If $\mathcal{S}$ is contained in the $x$-$y$ plane and $\vec{F}$ has only $x$ and $y$ components, one can check that \begin{equation} \int_{\partial \mathcal{S}} \vec{F} \times \mathrm{d} \vec{l} = \hat{n}\int_\mathcal{S} \nabla \cdot \vec{F} \, \mathrm{d}x \, \mathrm{d}y \, , \end{equation}

where $\hat{n}$ is given by the right-hand-screw rule in relation to the sense of the line integral around $\partial \mathcal{S}$. This is just another application of Stokes' Theorem.

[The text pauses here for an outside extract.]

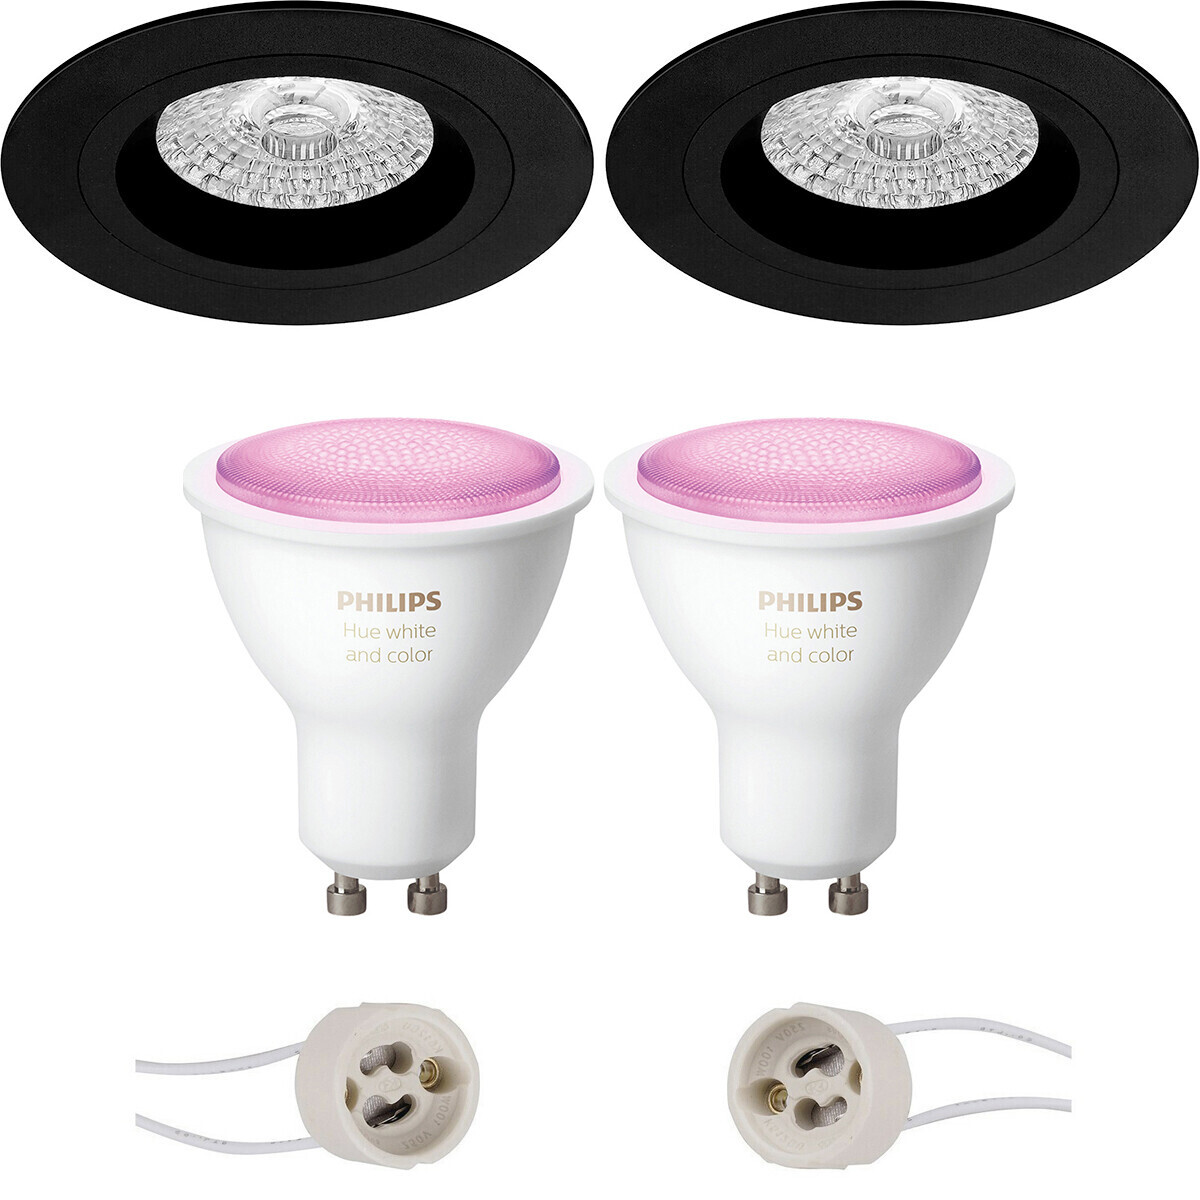 BES LED Pragmi Rodos Pro - Inbouw Rond - Mat Zwart - Ø93mm - Philips Hue - LED Spot Set GU10 - White and Color Ambiance - Bluetooth

I have tried to find the appropriate generalization for $\mathcal{S}$ and $\vec{F}$ not constrained to live in a plane, with $\partial \mathcal{S}$ still a simple closed curve. When I try to work the result using the standard form of Stokes' theorem and vector identities I get \begin{equation} \int_{\partial \mathcal{S}} \vec{F} \times \mathrm{d} \vec{l} = \int_\mathcal{S}\left[ ( \nabla \cdot \vec{F} ) \hat{n}- \left( \nabla F_i \right) n_i \right]\, \mathrm{d}s \, , \end{equation} with implicit summation over $i$. This seems to be consistent with the 2D case and I think it works but I could not find it elsewhere and I wanted to make sure if this is right. I would be very grateful if you could let me know if you agree.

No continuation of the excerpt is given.